■ Exercise description ■
Return all the data exactly, keeping the pictures out.

■ Information provided ■
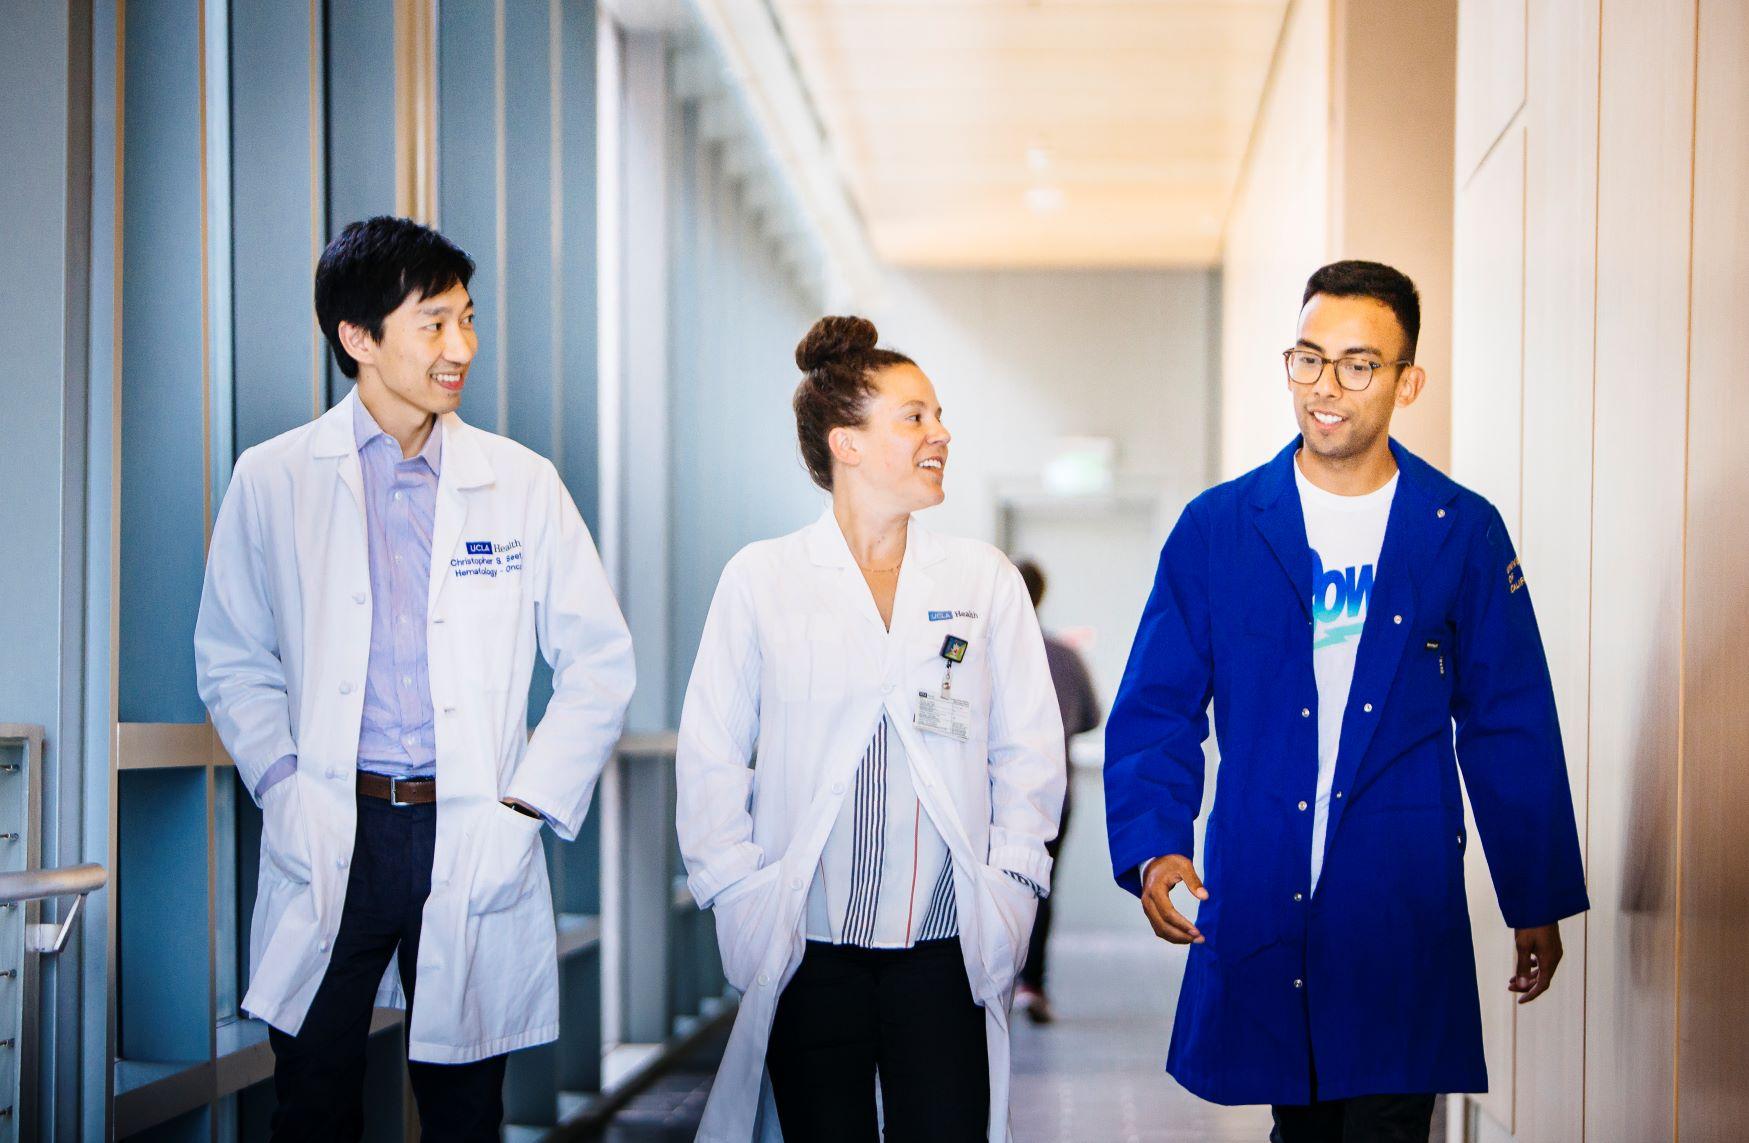 Csun 2022 Calendar.Csun Ucla Stem Cell Scientist Training Program Ucla Broad Stem Cell Center
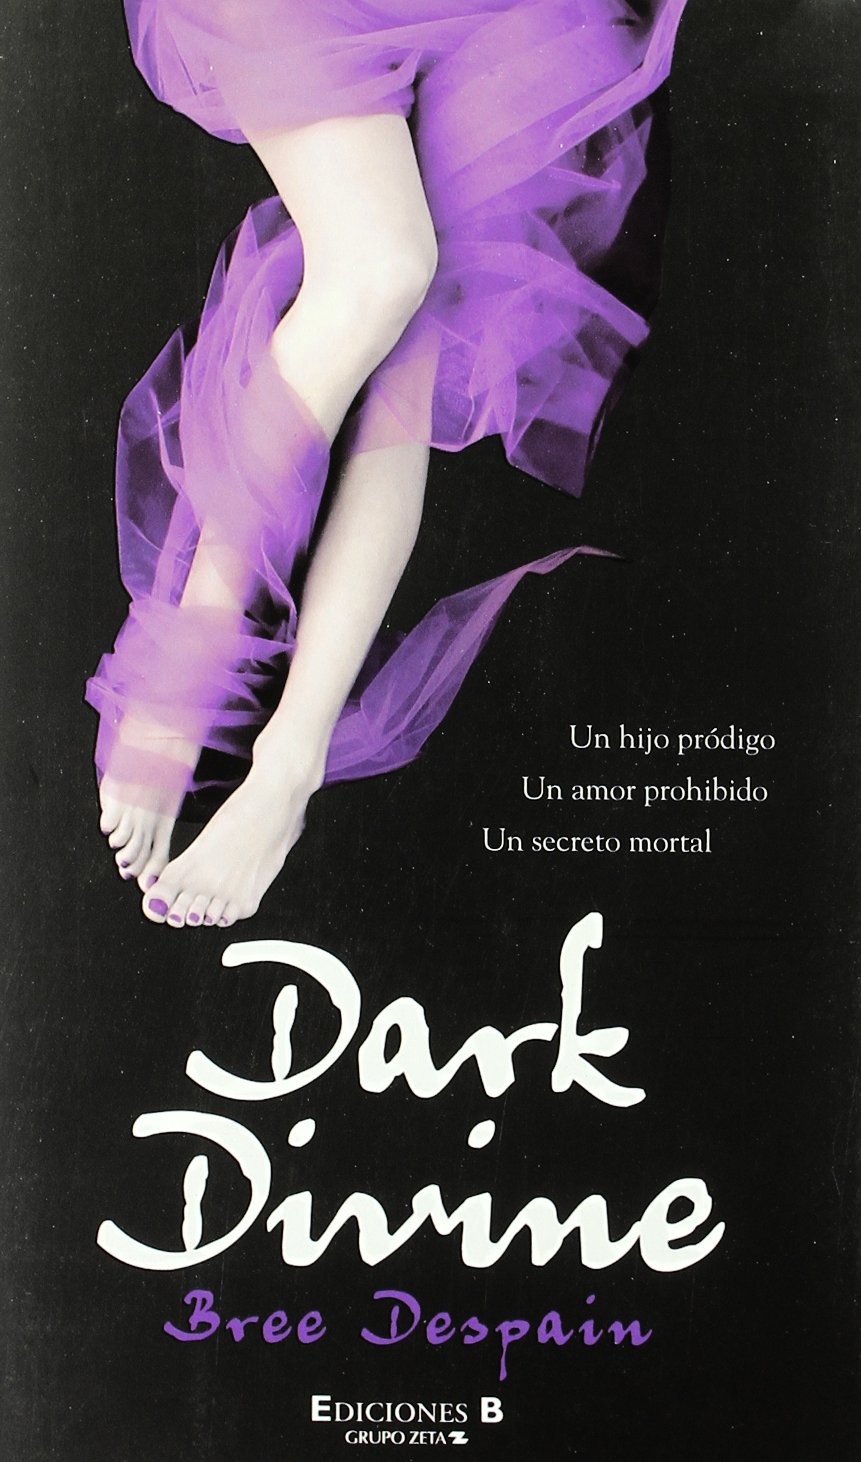 Amazon.com: Dark Divine (Spanish Edition) (9788466645416): Bree Despain: Books
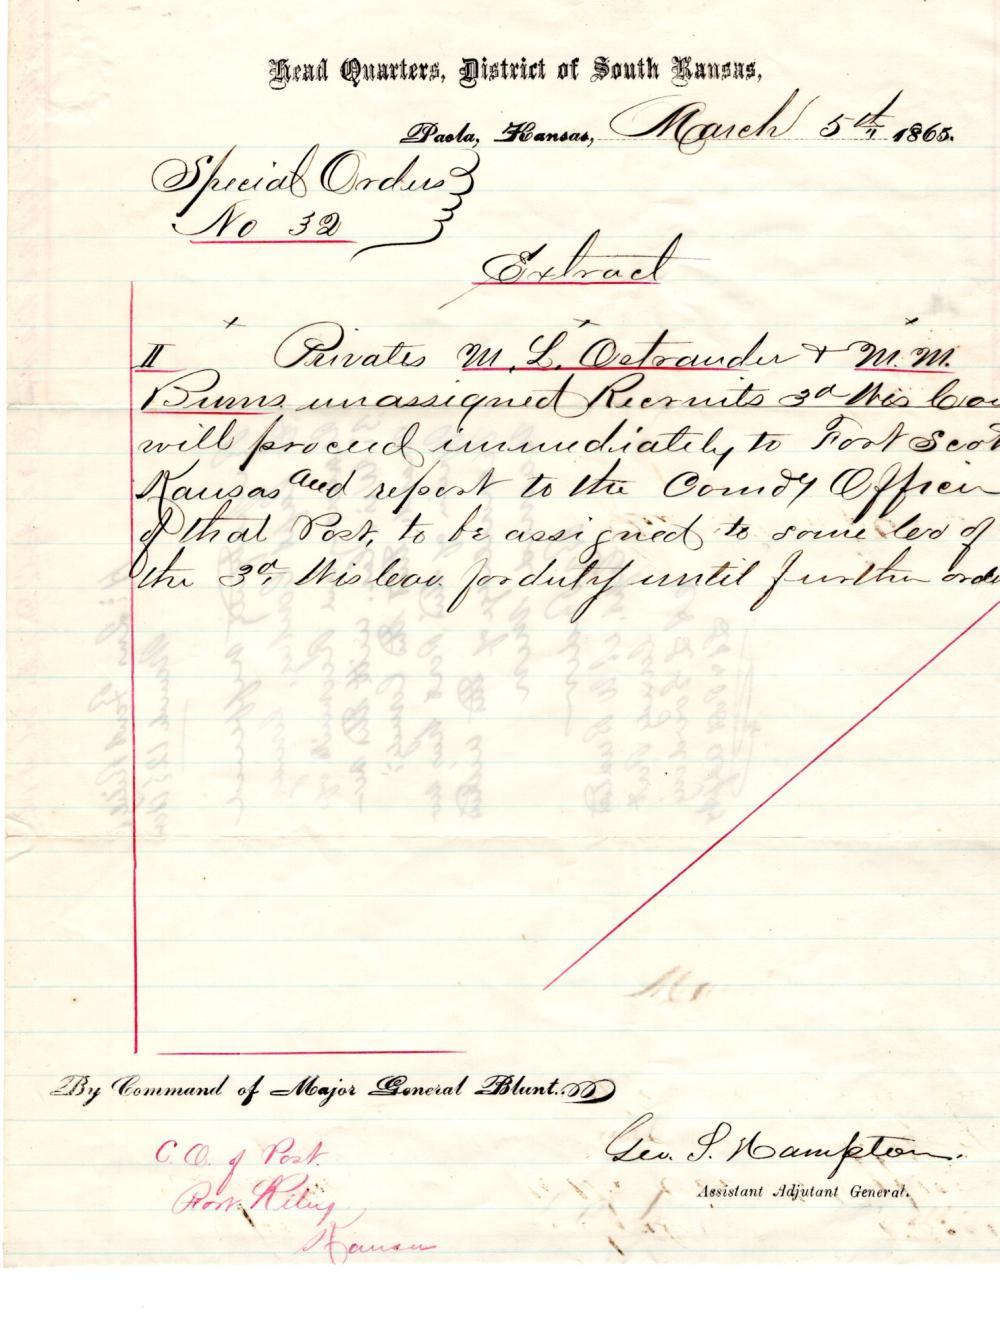 Fort Scott Civil War orders, 1865
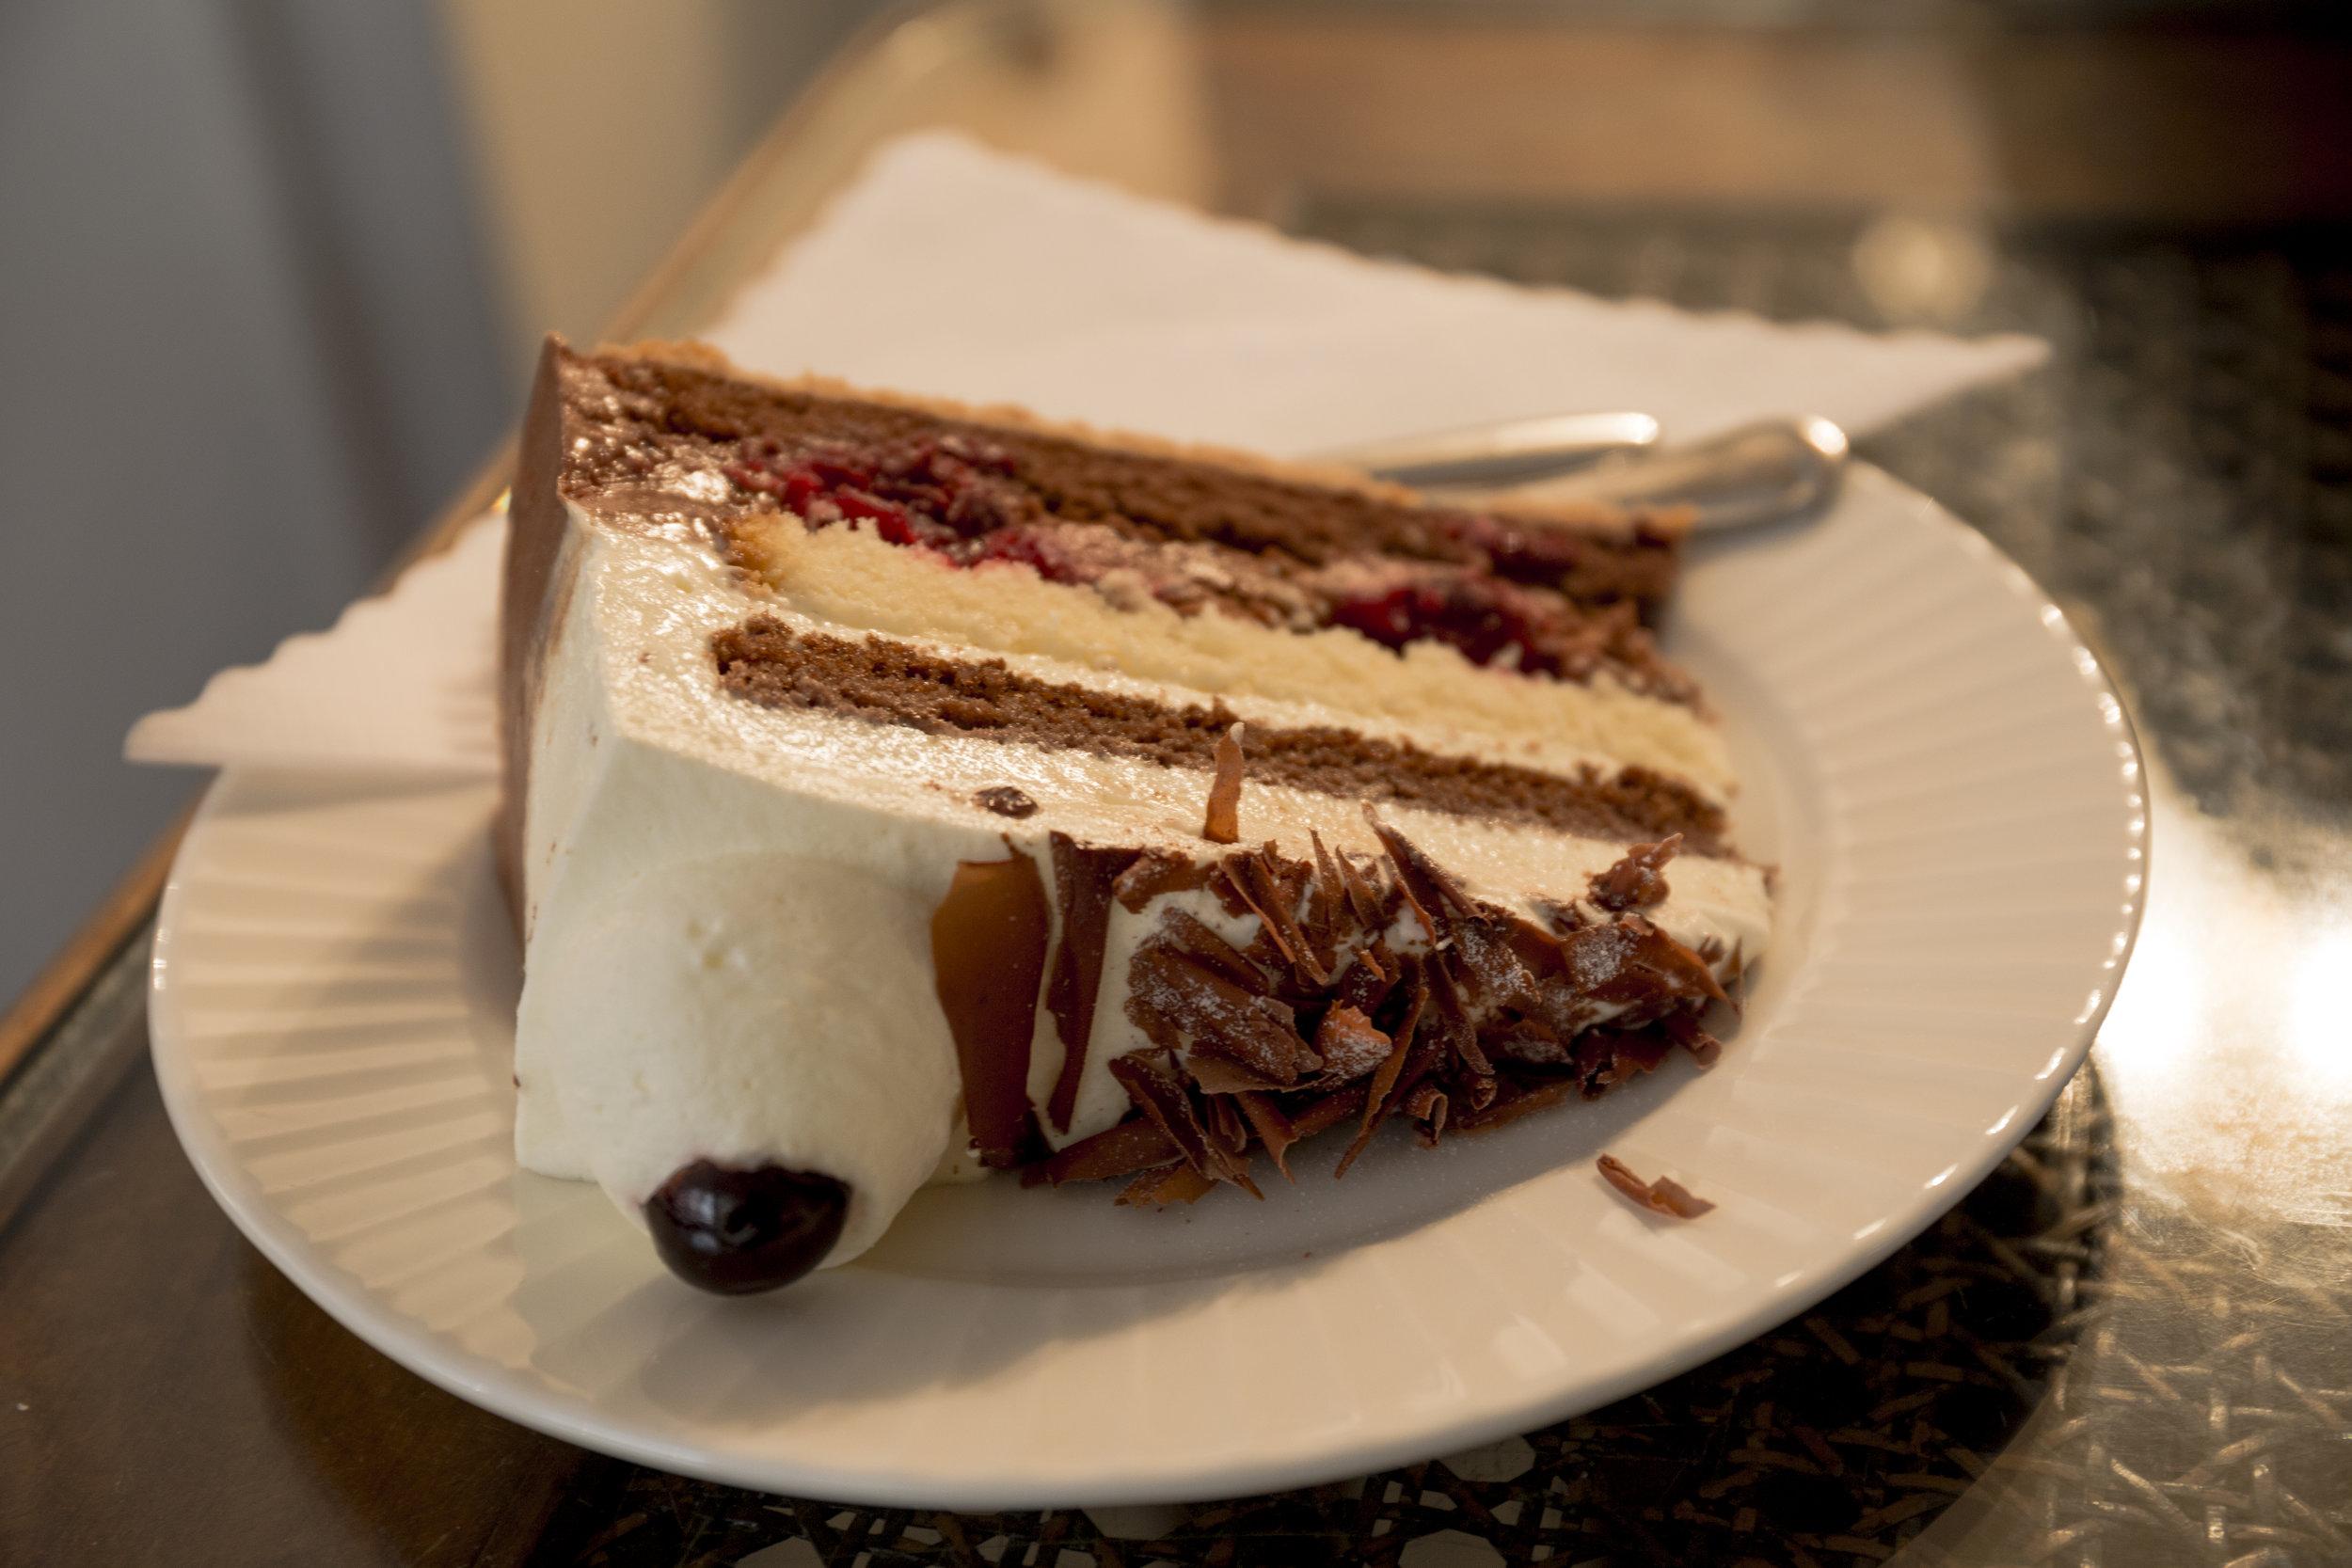 Cherry Gateaux, Café Köning

■ Reply ■
 Csun 2022 Calendar.Csun Ucla Stem Cell Scientist Training Program Ucla Broad Stem Cell Center
 Amazon.com: Dark Divine (Spanish Edition) (9788466645416): Bree Despain: Books
 Fort Scott Civil War orders, 1865
 Cherry Gateaux, Café Köning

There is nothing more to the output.